→ **What you should do**:
Retype the lines below exactly, but only those from the line that has "図）タイヤ給電の原理（左：正面図、中央：断面図、右：拡大図）" through the line that has "Catedra Feminismos - STOP". Omit every picture.

--- Records for the exercise Enclosed Below ---

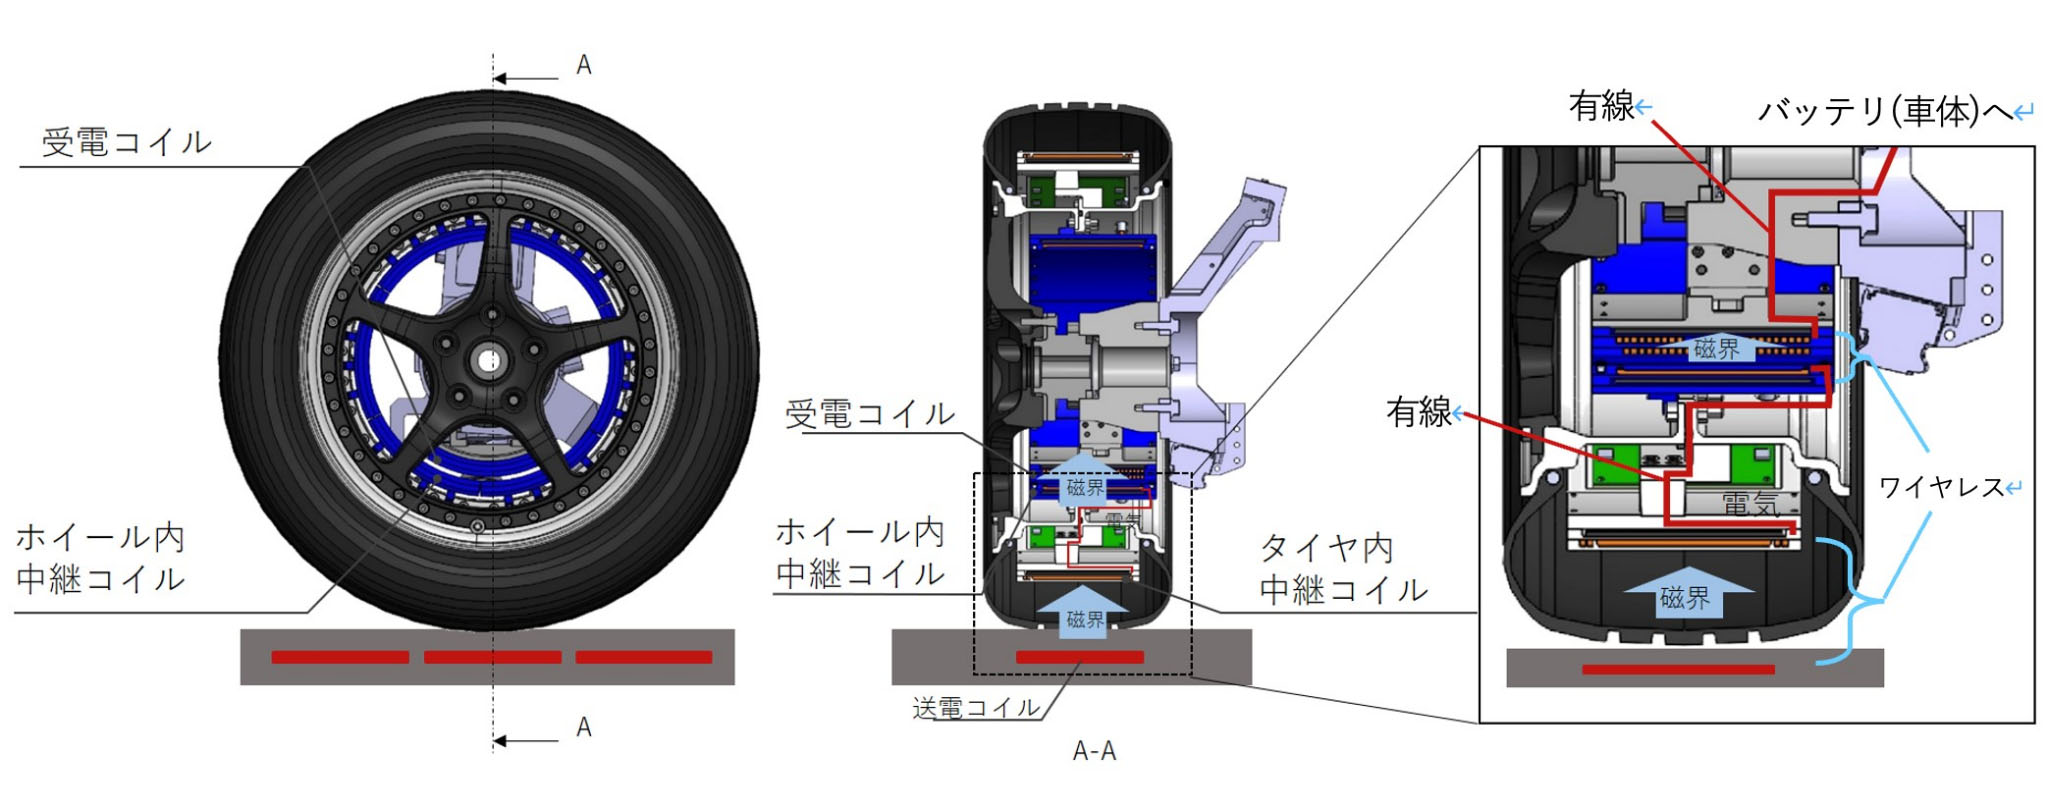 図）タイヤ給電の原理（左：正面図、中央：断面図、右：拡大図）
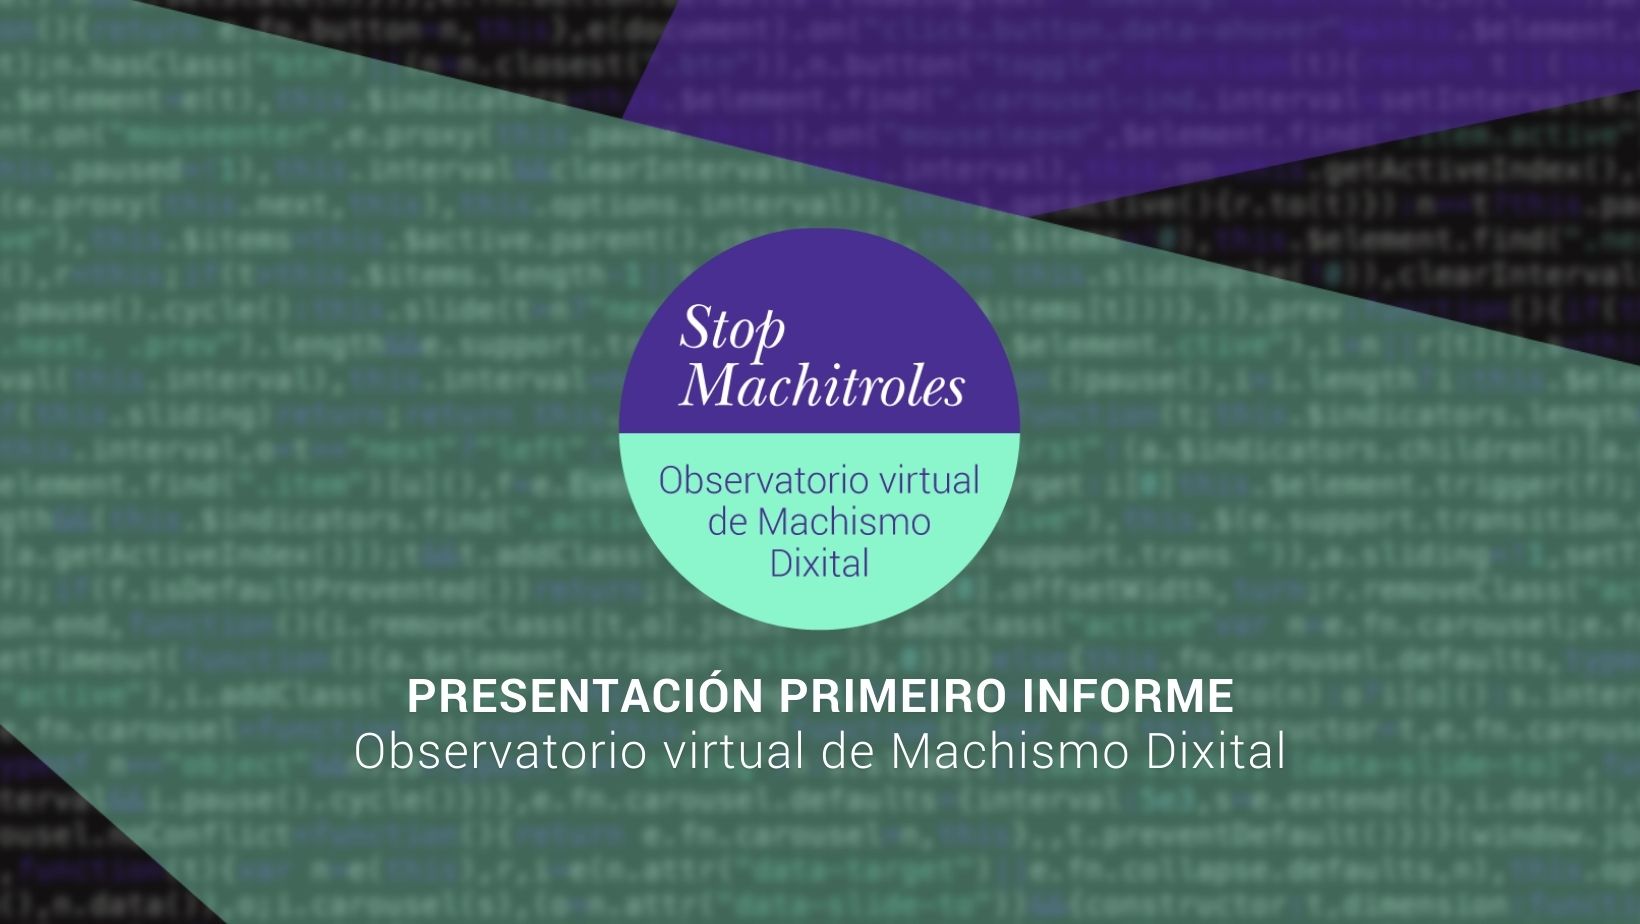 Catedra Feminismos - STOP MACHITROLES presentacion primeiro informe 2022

--- End of Enclosed Records for the exercise ---
--- Records for the exercise Enclosed Below ---

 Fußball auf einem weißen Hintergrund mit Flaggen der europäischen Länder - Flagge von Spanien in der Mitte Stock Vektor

--- End of Enclosed Records for the exercise ---
--- Records for the exercise Enclosed Below ---

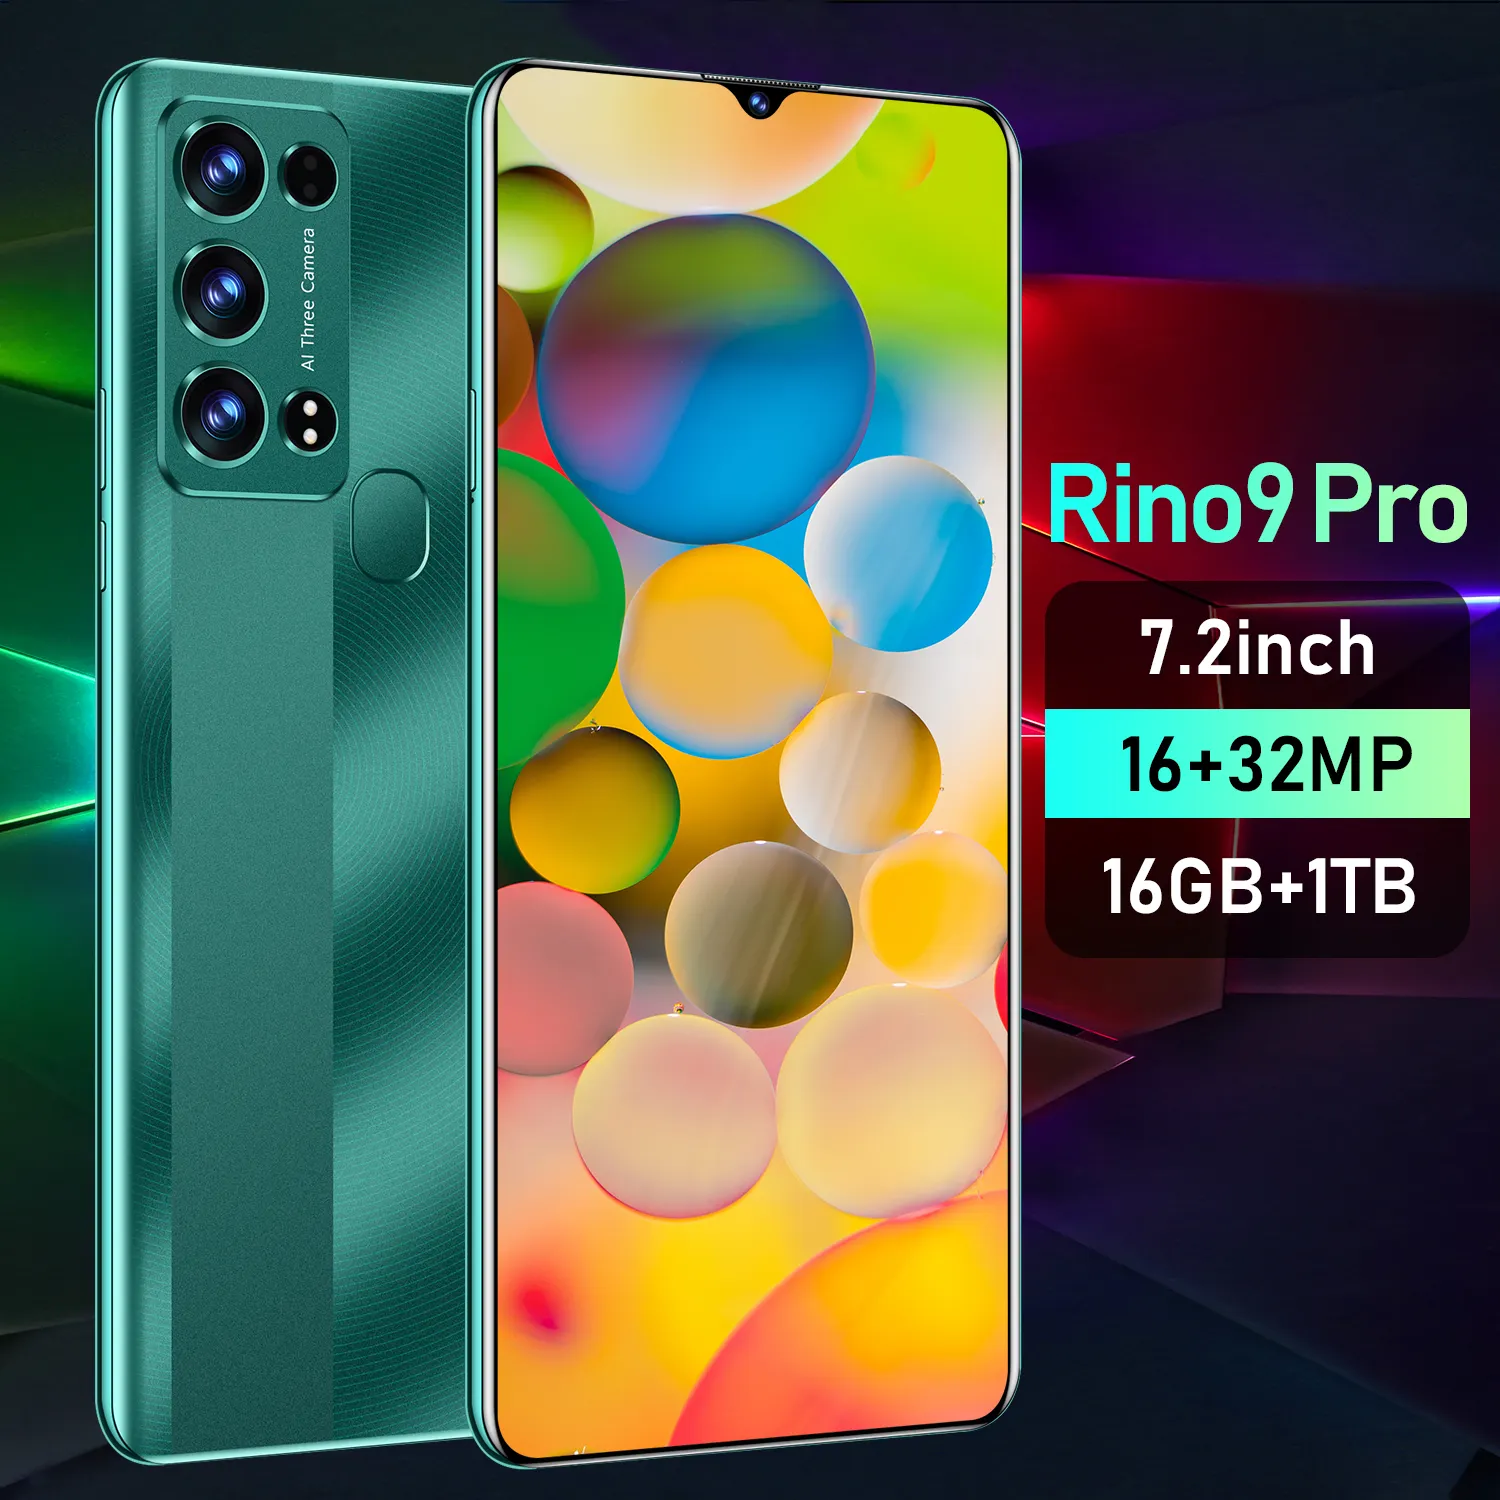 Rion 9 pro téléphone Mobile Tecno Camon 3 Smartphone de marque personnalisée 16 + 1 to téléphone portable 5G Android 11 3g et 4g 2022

--- End of Enclosed Records for the exercise ---

→ **Solved exercise**:
 図）タイヤ給電の原理（左：正面図、中央：断面図、右：拡大図）
 Catedra Feminismos - STOP MACHITROLES presentacion primeiro informe 2022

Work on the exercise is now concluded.